31st March is observed as ‘International Trans Remembrance Day’ across the globe to voice transgender issues, salute transgender leaderships and engage in policy reforms towards creating an enabling environment.
In Indian mythology, trans people are found in various Hindu texts, such as Mahabharata. Census study in 2011, reports there are more than 4.9 lakh (.4 million) adult transgender person and 50,000 transgender children.
More than a decade long advocacy, revolutions & community mobilisations created a huge impact in created historical advocacy reform. On 15th April 2014, The Supreme Court of India acknowledged the ‘third gender’ in the country which resulted in the establishment of the ‘Rights of the Transgender Bill’ in September 2019. Despite these developments over the years, a lot of work needs to be done with grass-root level transgender communities to ensure dignity, gender equality and social inclusion.
The transgender community is more diverse in the Asia region and particularly in India since we have serval identities associated with religious followings, gender expressions, and social-ethnic cult. Each gender expression is having its unique issues, needs, and vulnerabilities.
Countries like India have used HIV resources to advocate human rights, community empowerment, and leadership qualities. However, the common immediate issues concerning transgender people are associated with low health-seeking behaviour due to healthcare stigma, gender-based violence, lack of supportive policies for employment & education and also lack of equality in civil rights.

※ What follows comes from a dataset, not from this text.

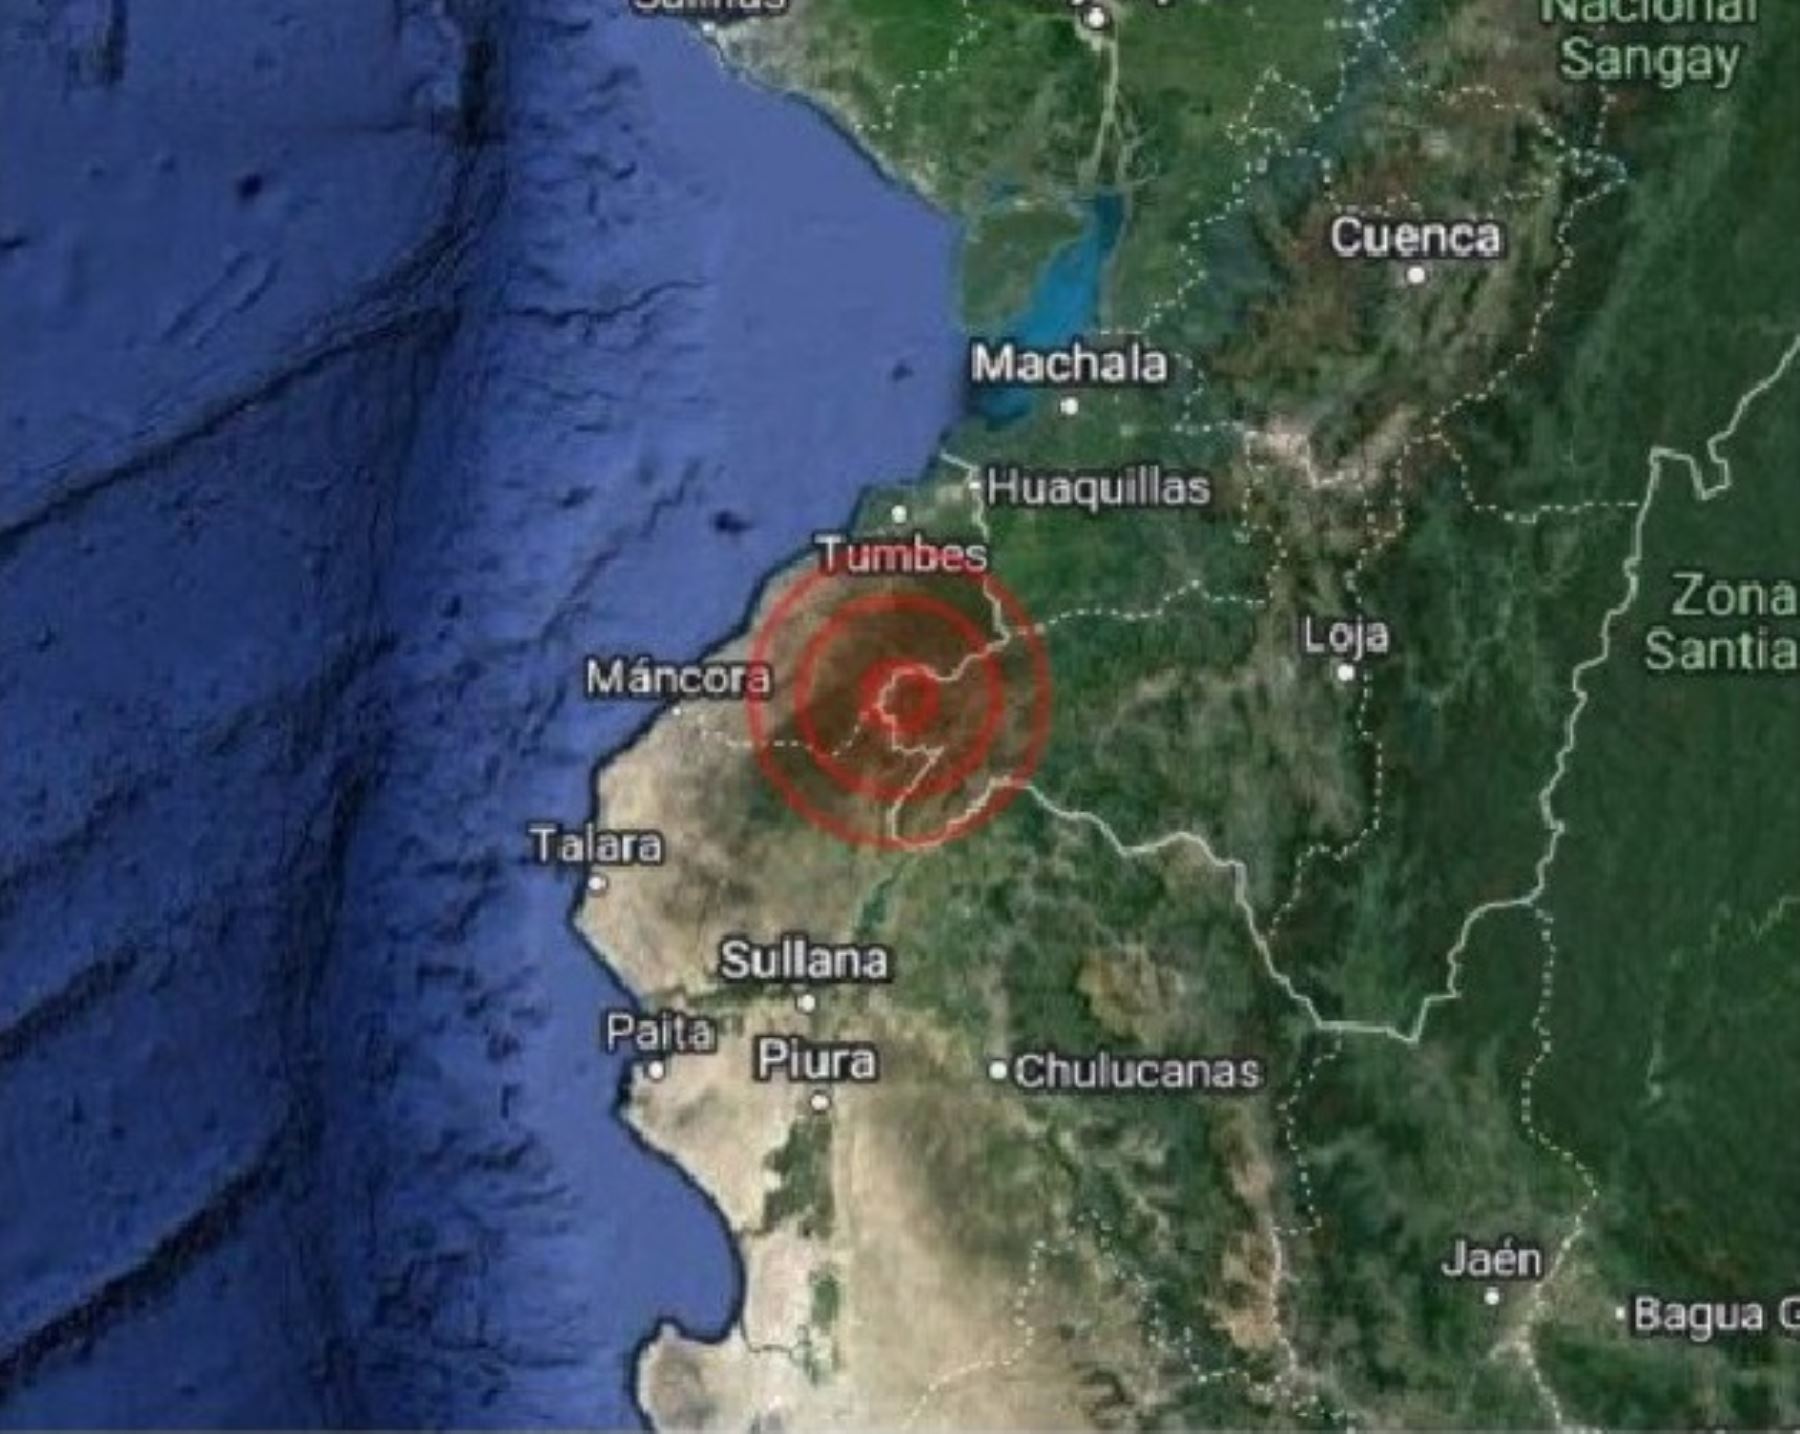 Región Tumbes fue remecida esta madrugada por un temblor de magnitud 4.0, informó el IGP.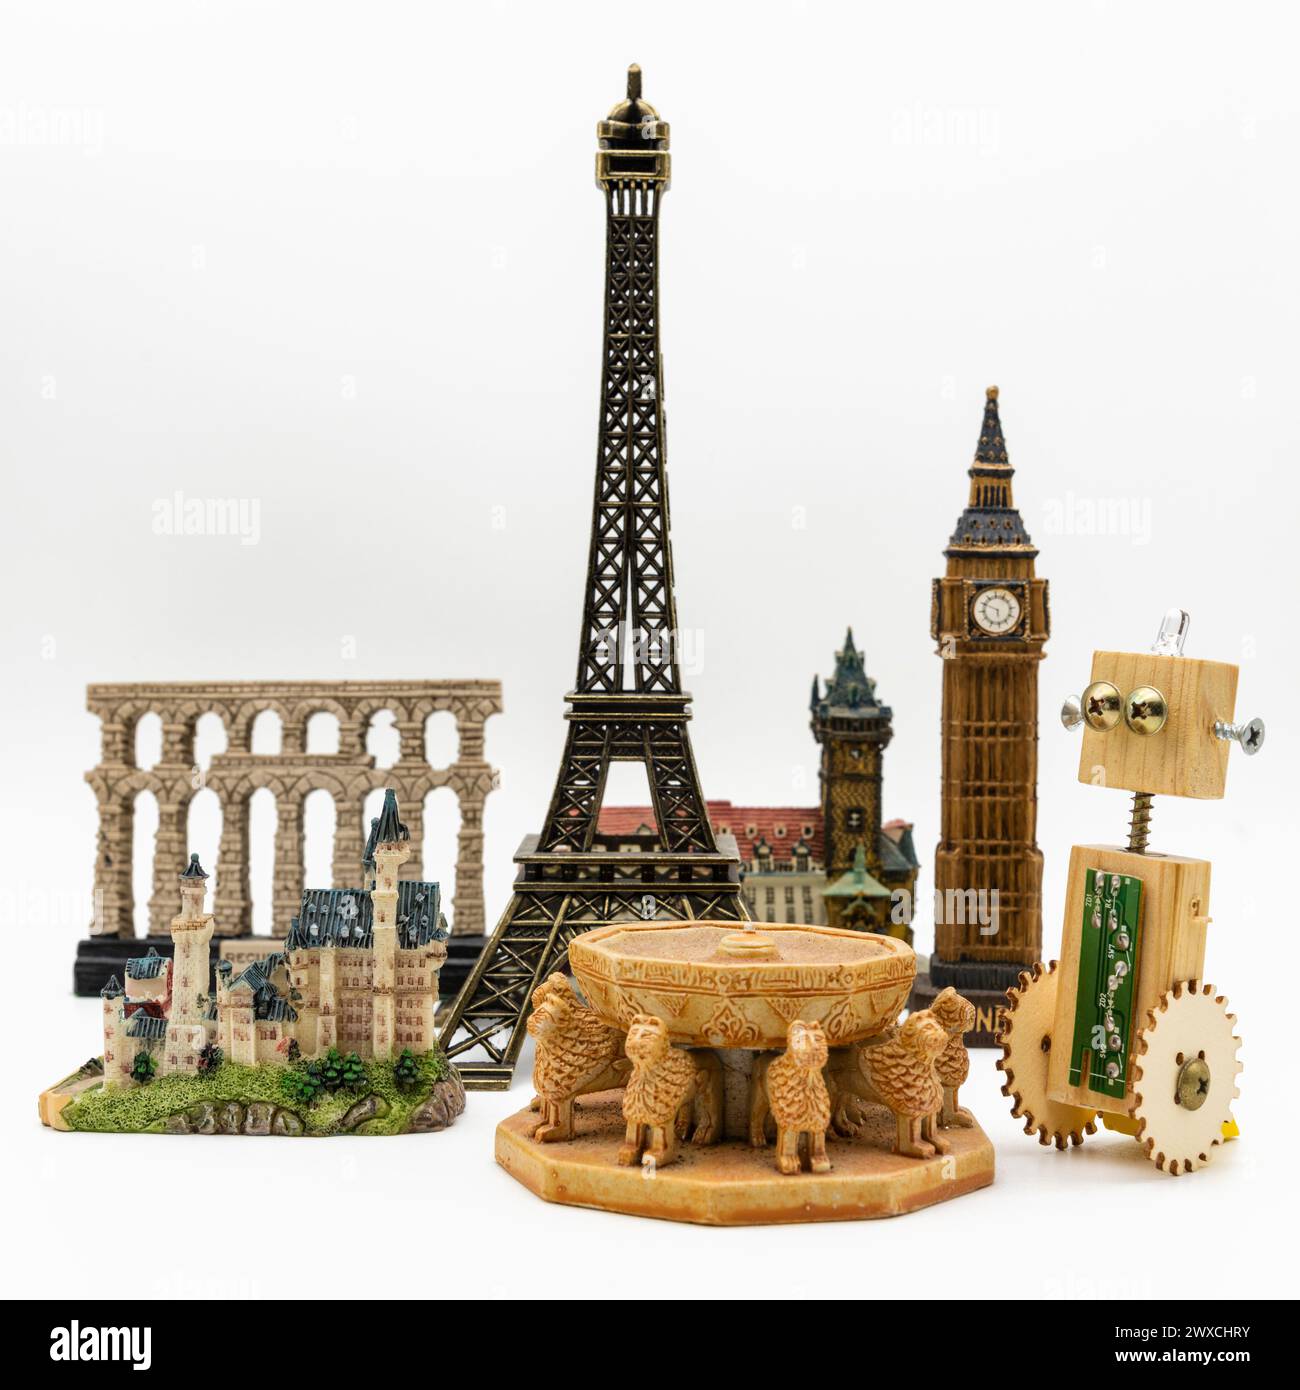 Roboter artesano de madera junto a varios monumentos del mundo como la torre Eiffel, Patio de los Leones de la Alhambra o el Big Ben Stockfoto

The political will to address the immediate issues of a transgender person in India is slowly increasing however the pace of the change is not up to the mark. There is a substantial amount of transgender population who live below the poverty line, without basic identity documents asserting their gender expressions and in crisis. Young transgender persons are facing specific challenges on support for ‘gender transition’, employment, education, partner violence, and financial stability. Whereas the middle age and older transgender people are suffering because of the lack of ‘social support’, mental health issues, substance abuse dependency and also acute depression anxieties.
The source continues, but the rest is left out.